Federated Learning Models

Federated learning models can be divided mainly into two groups, parallel and nonparallel. Parallel training is developed with the intention of faster (and optimized) completion of the runs; however, it often poses a large logistical problem in certain applications, including the lack of uniformity in network connection speeds and computational resources. On the other hand, nonparallel training, although less efficient, can be implemented across nonhomogeneous computing environments without the need for synchronization of runs. Chang et al[9] have tested three nonparallel training structures: ensemble training, single weight training, and cyclical weight training. Nonparallel models, including ensemble training, involve training separate models at each of the institutions on their respective data and subsequently gathering averages of the weights for each model toward a final model. In single weight training, the model is first trained on data from one institution until the training validation loss begins to plateau. The trained model is then transferred to the second institution where it is further trained on new data. The same process is continued across other institutions in the collaborative environment (Appendix Fig A1). It is important to note that the training order of the specific institutions often affects the final performance of the model.[9]

FIG A1.

Single weight training mechanism.

Cyclical weight training is very similar to single weight training in that the same model is transferred from one institution to the next with two main important differences. First, at each institution, the model is only trained for a preset number of epochs (generally, a lower number of epochs yield a better performing final model). Second, after the last institution trains the model with the initial preset number of epochs, the model is returned to the first institution to be retrained for the second group of the preset number of epochs. In essence, the model is trained by each institution multiple times before the final model is produced, hence the cyclical nature of this process. The process is summarized in the Appendix Figure A2.[9]

FIG A2.

Cyclical weight training mechanism.

OBJECTIVE

To evaluate our federated ML approach, we trained ML models to predict the risks of diseases associated with tobacco and radon using data from electronic health records (EHRs) at two healthcare systems. Tobacco use is the leading modifiable risk factor for lung cancer. The majority of counties in the Carolinas have adult smoking rates that exceed the national average.[11] Radon is a colorless, odorless, radioactive gas. According to the Environmental Protection Agency (EPA), it is the most significant modifiable risk factor for lung cancer after tobacco use.[12,13] Radon is present in the ground as a byproduct of uranium decay, and it typically enters homes and buildings as it diffuses into the air.[14,15] At present, North and South Carolina have an average indoor radon screening level > 4 pCi/L in many of its counties, and the EPA recommends radon mitigation measures at 4 pCi/L or greater.[15] Prior studies have already demonstrated that smoking and radon have both independent and synergistic effects on lung cancer and chronic obstructive pulmonary disease (COPD) incidences.
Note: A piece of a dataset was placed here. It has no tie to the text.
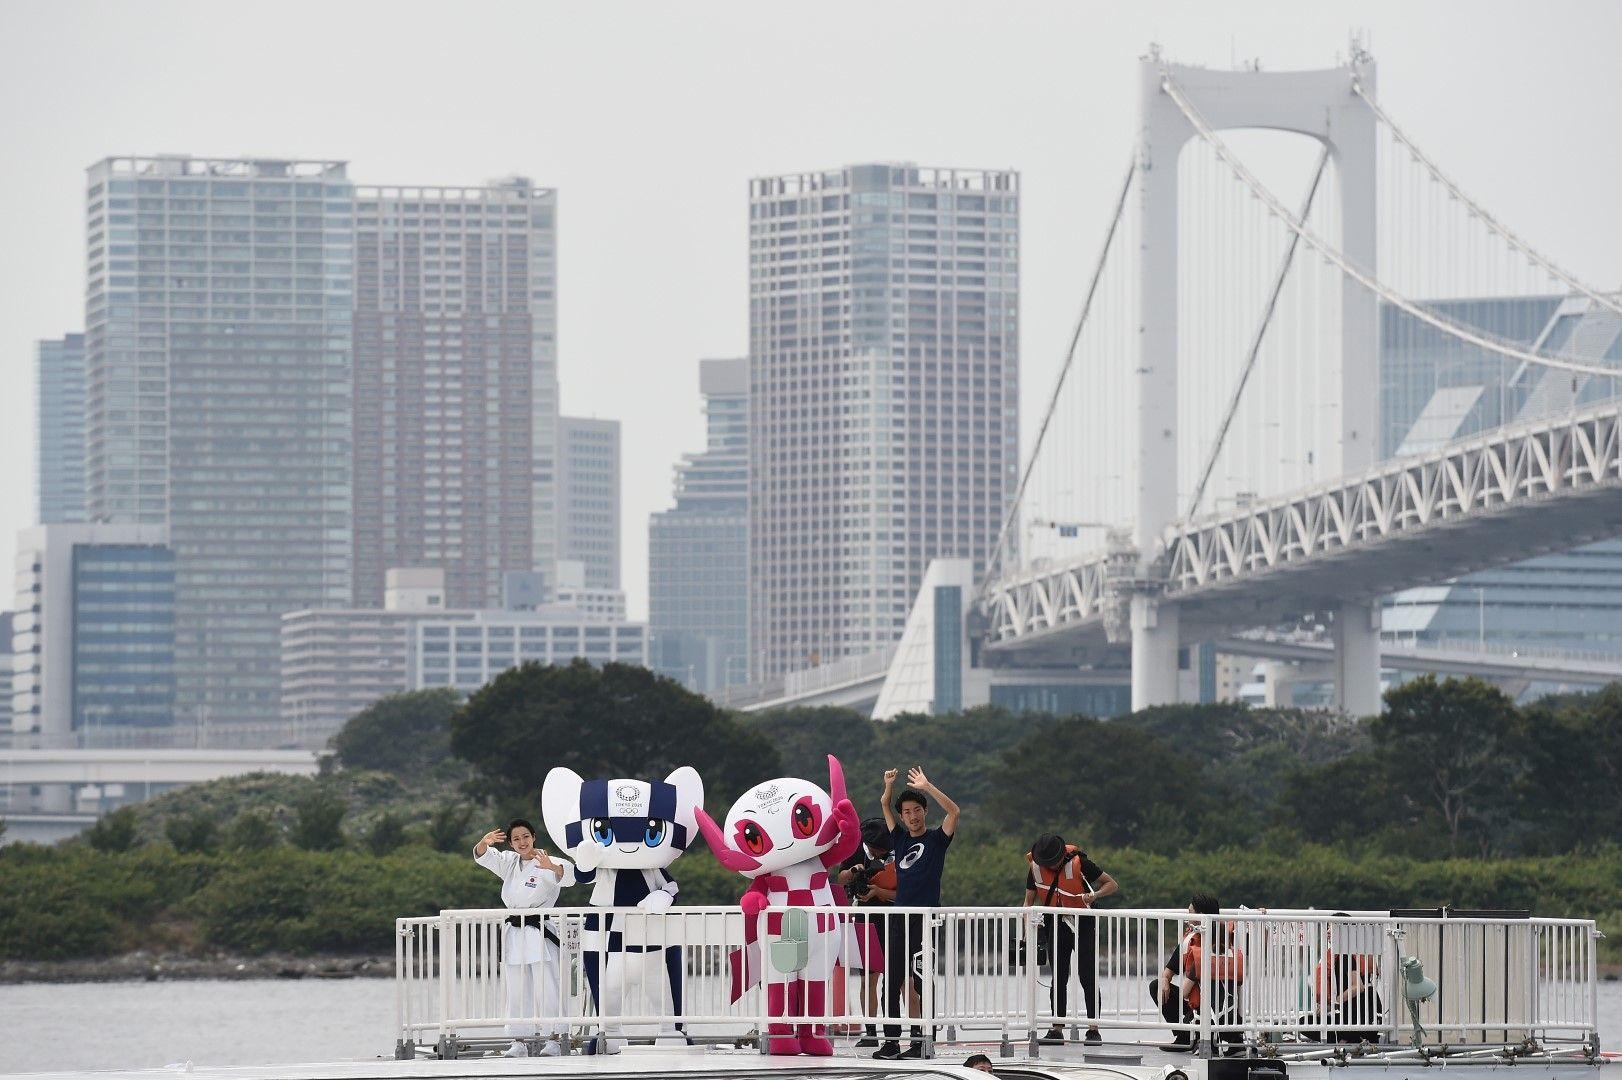 Талисманите на фона на силуета на града.

Given that these are well-established risk factors for lung cancer and COPD, they are optimal use cases for establishing the capability of several federated ML models on disease outcomes. Moreover, because data are derived from both EHRs (patient-level data) and publicly available data (ecological data), they also allow us to test these models using data extracted from distinct sources.

MATERIALS AND METHODS

The Institutional Review Boards (IRBs) of the Wake Forest University Health Sciences and Medical University of South Carolina (MUSC) approved the study with protocol numbers IRB00056277 and Pro00090097, respectively. Upon IRB approval, patient EHR data from Wake Forest Baptist Medical Center (WFBMC) and the MUSC were used to test the efficacy and performance of federated learning models trained in a Databricks (Databricks Inc., San Francisco, CA) cloud environment. The deidentified data included each patient's sex, age (in years), race (Asian, Caucasian, African American, American Indian, other, or patient refused), smoking level (0, 1, or 2), radon exposure level (0, 1, or 2), and diagnosis of lung cancer and COPD (ICD-10: C34 and J44, respectively). Sex and race were integer encoded. For smoking, 0 is nonsmoker, 1 is former smoker (quit 5 + years ago), and 2 is coded to represent current smokers. For radon, 0 is used for an exposure of < 2 pCi/L, 1 is between 2 pCi/L and 4 pCi/L, and 2 is used for cases that have an exposure of > 4 pCi/L. Radon data for both North Carolina and South Carolina were gathered from public websites and from private companies that perform radon measurements.[16]

Data Security

To avoid sharing the data across institutions, we employed several MS Microsoft Azure (Microsoft, Redmond, WA) security toolkits.[17] First, data from each institution had been loaded to the respective Azure storage account, which is equipped with its own access control mechanism. Moreover, we needed to avoid the option of in-code access secret codes, usernames, and passwords, being stored in shared Jupyter Notebooks, thus compromising security. To circumvent this issue, we enabled the Azure Key Vault to house the storage account's access secrets. The Key Vault is configured for each study team through the Azure Active Directory (AD), which relies on institutional AD-based user management. Finally, we had to create a scope in Databricks with Key Vault's Domain Name System and Directory ID to point notebooks to the correct Key Vault. The configuration is outlined on Microsoft's public Microsoft Docs repository.[18]

Study Design

In the first part of this study, we attempted to simulate single weight and cyclical weight training in a local environment based on smoking and radon data using WFBMC data. Subsequently, actual implementation involves the two-institution federated learning processes with separate Azure subscriptions (and data) that were accessible only by the respective teams. We then tested the use of separate Databricks resources in combination with GitHub as a method of sharing model weights with various institutions without sharing data. We hypothesized that both methods would improve model performance compared with a model trained on only one institution's data.

Preprocessing.

The study data have three diagnosis categories for prediction: lung cancer, other, and COPD that were integer encoded. To reduce the problem into a binary classification task, we created two outcome classes: class 1, which is a disease state with either lung cancer or COPD and class 0, no disease state (ie, no cancer or COPD). The distributions of the data sets are shown in the Appendix Figure A3 and Table A1. Conducting a test of homogeneity between the two data sets resulted in a χ2 statistic of 19,008 (P < .0001), suggesting that the two data sets are extremely heterogeneous. Data were split (67/33) between training and testing data for each institution.

FIG A3.

Distributions of each dataset across classes.

TABLE A1.

A Comprehensive Distribution of the Two Institutions' Datasets Across Each Feature

Because of a heavy imbalance in the Wake Forest data set (most of the labels were class 0), the synthetic minority oversampling technique (SMOTE)[19] was used to reduce the imbalance in WFBMC data. SMOTE effectively increases the count of the minor class in a set of data.

Model construction.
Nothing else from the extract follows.